Figure 4. Antagomir-155 loading, targeting and delivery. (A) mEVs transfected with antagomiR-155 (αmiR mEV) showed expression of miR-155 compared to mEV alone and mEVs transfected with Control Oligo-1 miR (cmiR mEV). (B) αmiR, which was transfected into luciferase-plasmid-transfected HEK293 cells, successfully neutralized miR-155 and increased downstream luciferase expression. The ratio of Gaussia Luciferase (GLuc) and Secreted Alkaline Phosphatase (SEAP) is reported. (C) Mouse spleen CD14+ monocyte antagomiR-155 expression increases indicating successful delivery of αmiR mEV into monocytes. NT: No mEV treatment; αmiR: antagomiR-155; cmiR: control miRNA. *P < 0.05, **P < 0.01.
After BLT mice were constructed as described previously, reconstitution of human blood cells was confirmed by flow cytometry after 12 weeks following transplantation [Figure 1B], and all mice showed proper reconstitution of human PBMCs [Supplementary Figure 1]. One mouse in the HIV+ αmiR group died during HIV infection and was eliminated from the group. All other mice tolerated two doses of mEV injection with no side effects. HIV viral load in the peripheral blood was measured on day 6 p.i. and after sacrifice on day 14. There was no significant difference among groups on either day 6 (P = 0.085) or day 14 (P = 0.47) [Figure 5A]. Fourteen days after HIV infection, %CCR5+ increased in CD4 T cells (7.4 ± 1.7 for HIV- vs. 22.5 ± 9.9 for HIV+, P = 0.016) and CD8 T cells (13.2 ± 3.9 for HIV- vs. 53.6 ± 10.0 for HIV+, P = 0.016). %HLA-DR+ significantly increased in CD4 T cells (7.4 ± 1.7 for HIV- vs. 22.5 ± 9.9 for HIV+, P = 0.016) and CD8 T cells (27.1 ± 5.8 for HIV- vs. 58.0 ± 9.2 for HIV+, P = 0.016). The increases of CCR5 and HLA-DR on CD4+ or CD8+ T cells are consistent with previous reports, confirming that HIV successfully activated human PBMCs in the BLT mouse model. The %CD16+ cells increased in various cell populations indicating activation of M/Mφ, which includes the non-B non-T cells (CD3-CD19-) (2.1 ± 0.7 for HIV- vs. 12.4 ± 5.8 for HIV+, P = 0.016), CD14+ monocytes (19.1 ± 4.5 for HIV- vs. 37.2 ± 6.7 for HIV+, P = 0.016), CD11b+ macrophages (21.7 ± 5.3 for HIV- vs. 41.7 ± 8.9 for HIV+, P = 0.032) and CD163+CD11b+ activated macrophages (20.1 ± 4.4 for HIV- vs. 40.6 ± 8.8 for HIV+, P = 0.016) [Figure 5B]. Frequency of intermediate monocytes (13.5 ± 4.4 for HIV- vs. 32.3 ± 6.6 for HIV+, P = 0.019) increased while classical (P = 0.19) and non-classical (P = 1) monocytes did not change [Figure 5C]. Median fluorescent intensity (MFI) analyses of CCR5, HLA-DR and CD16 expression on the CD4 or CD8 T cell populations showed similar results [Supplementary Figure 2].

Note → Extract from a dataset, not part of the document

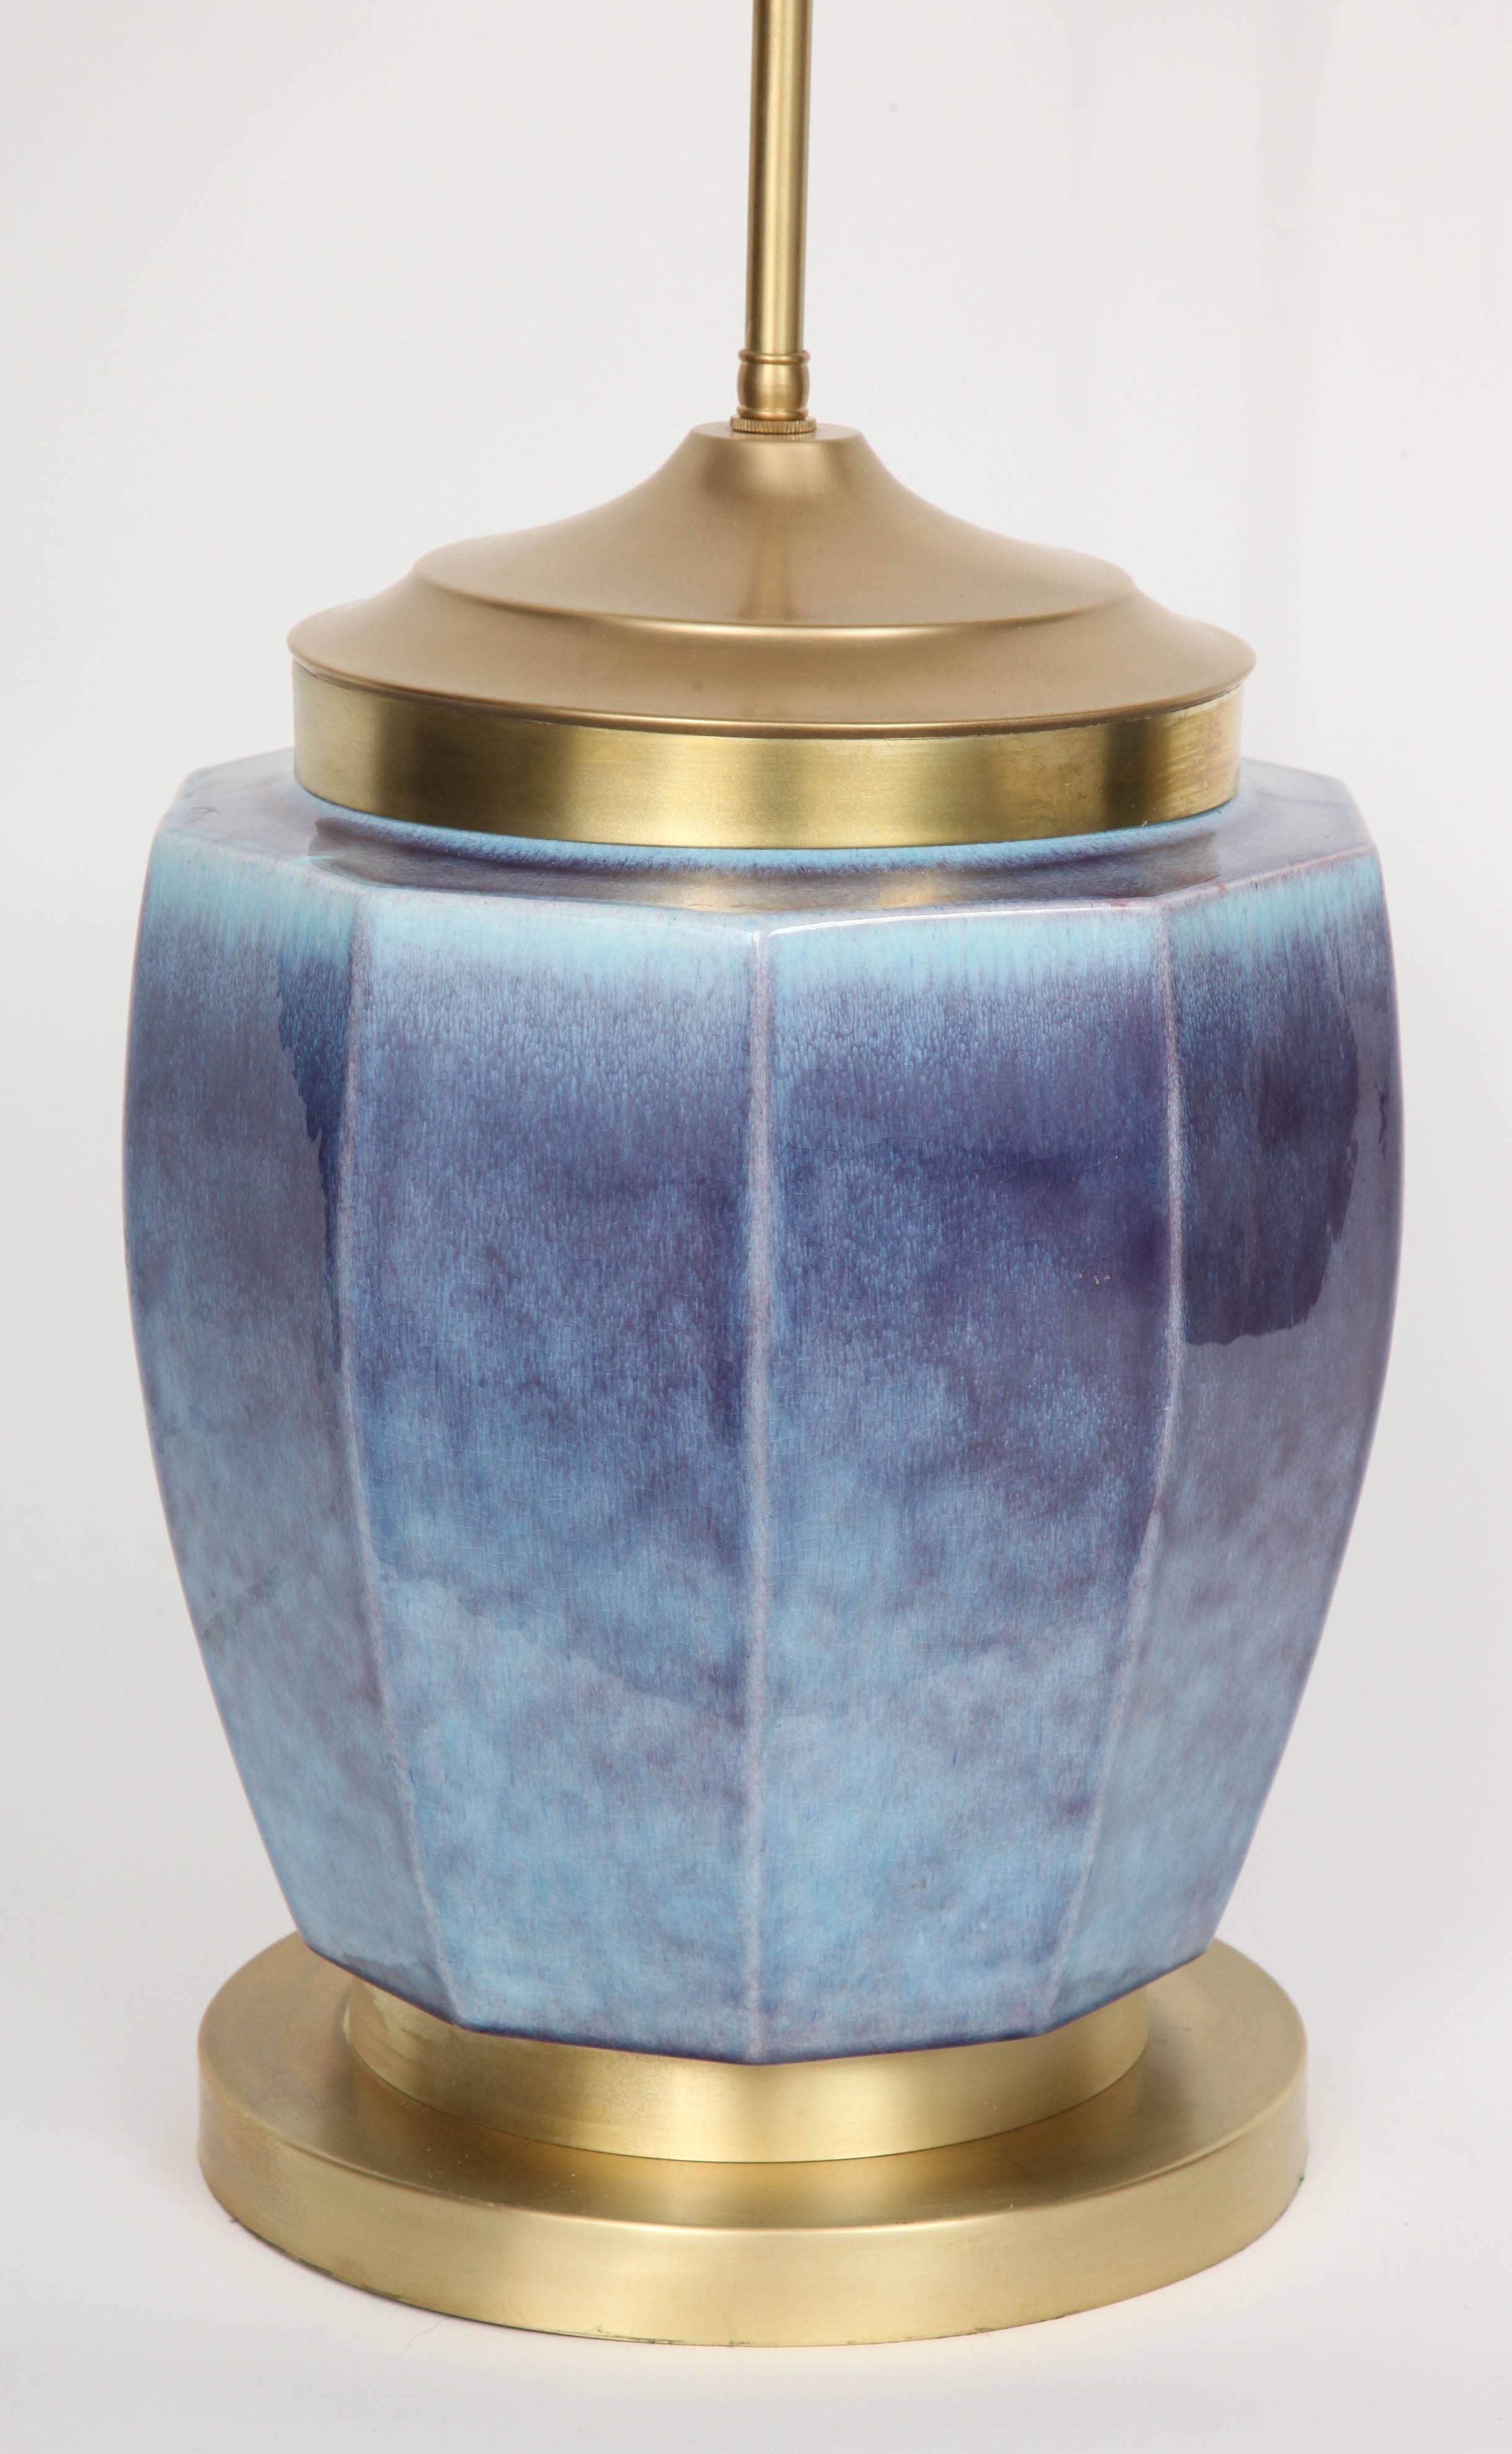 Large-scale Mid-Century ceramic lamp with subtle fluted perimeter in a striking mottled glaze in tones of violet and periwinkle blue. The large lamp sits on a satin finish brass base and has been rewired with a double pull chain socket.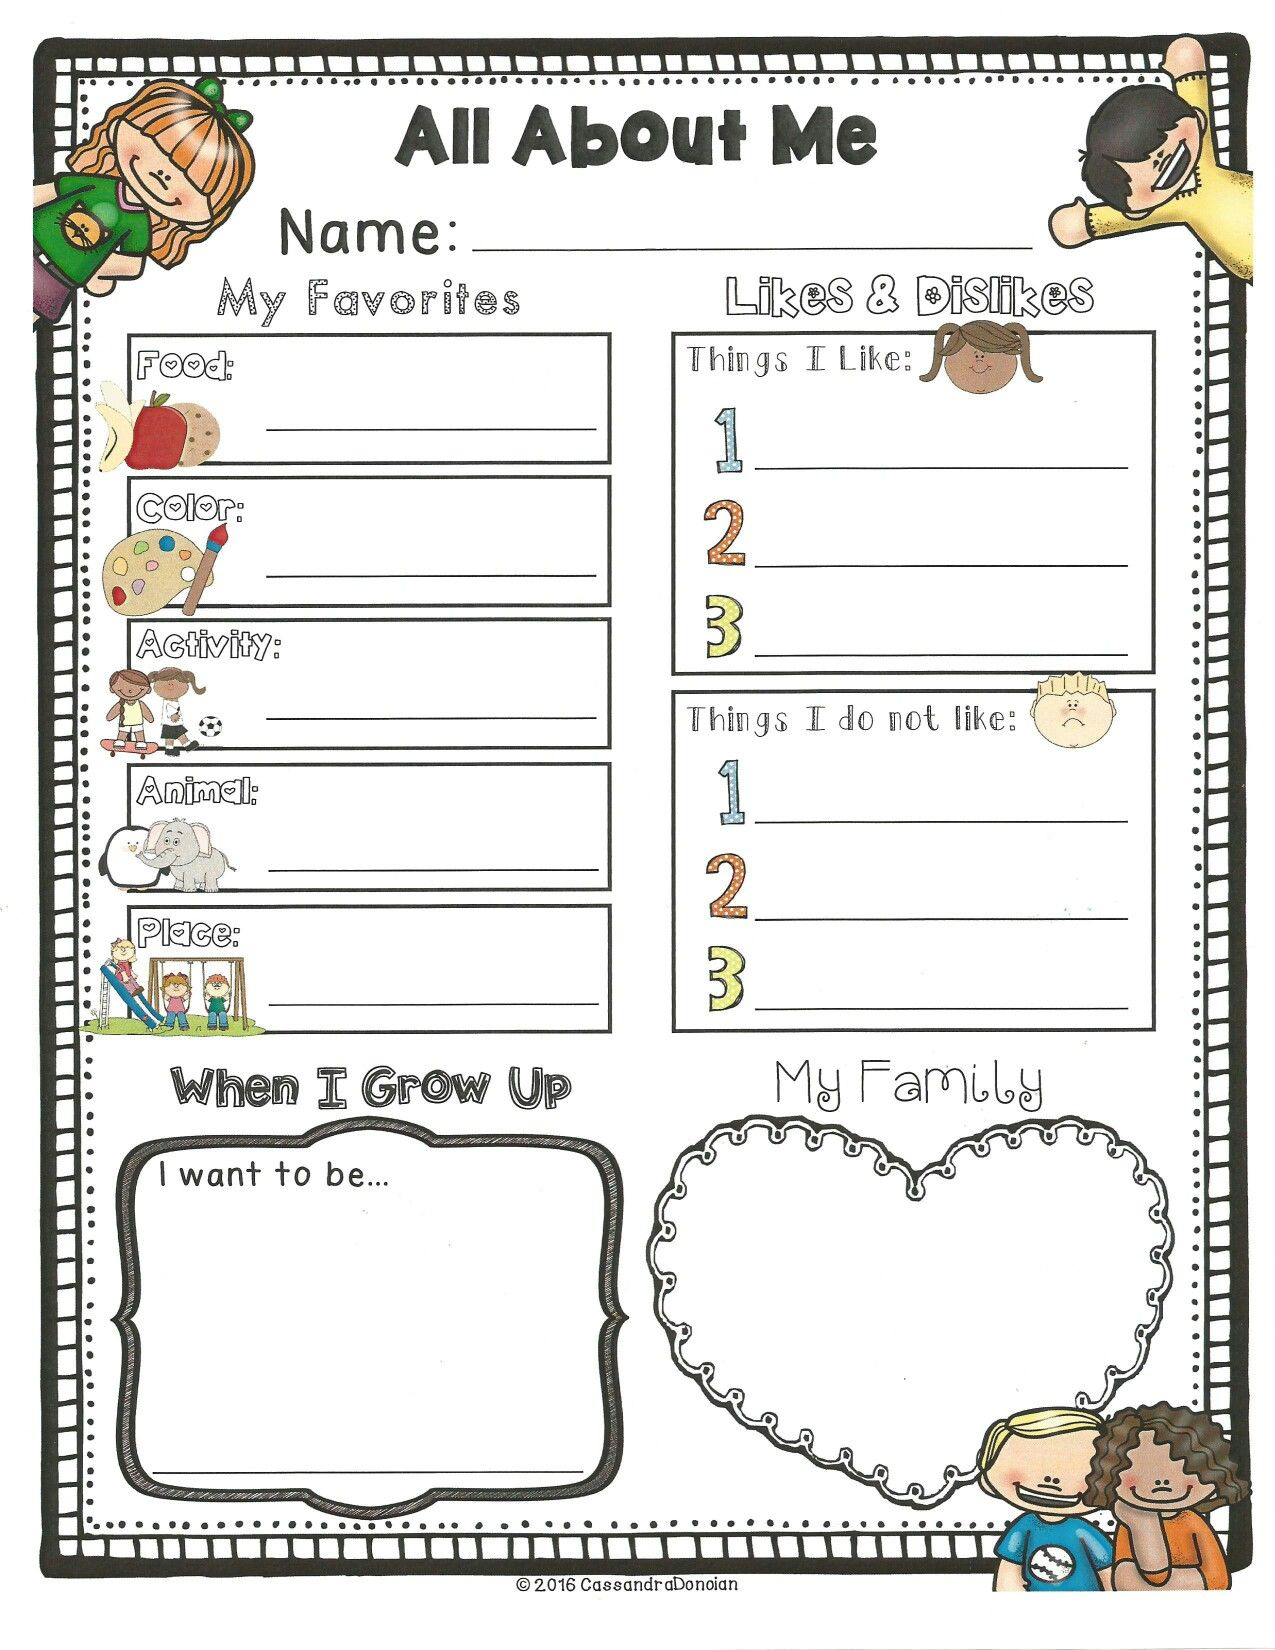 All About Me Sheet For Preschool Or Kindergarten Age Child All About

Figure 5. HIV-infected BLT mice. (A) Box plots for mouse plasma viral load on Days 6 and 14 post infection showed no difference among groups. (B) Frequencies of CCR5, HLA-DR and CD16 on PBMCs after HIV infection on Day 14. Parent populations are indicated in the titles of the panels. (C) Frequency of monocyte subsets in CD14+ monocytes. Parent population is CD14+CD3-CD19-.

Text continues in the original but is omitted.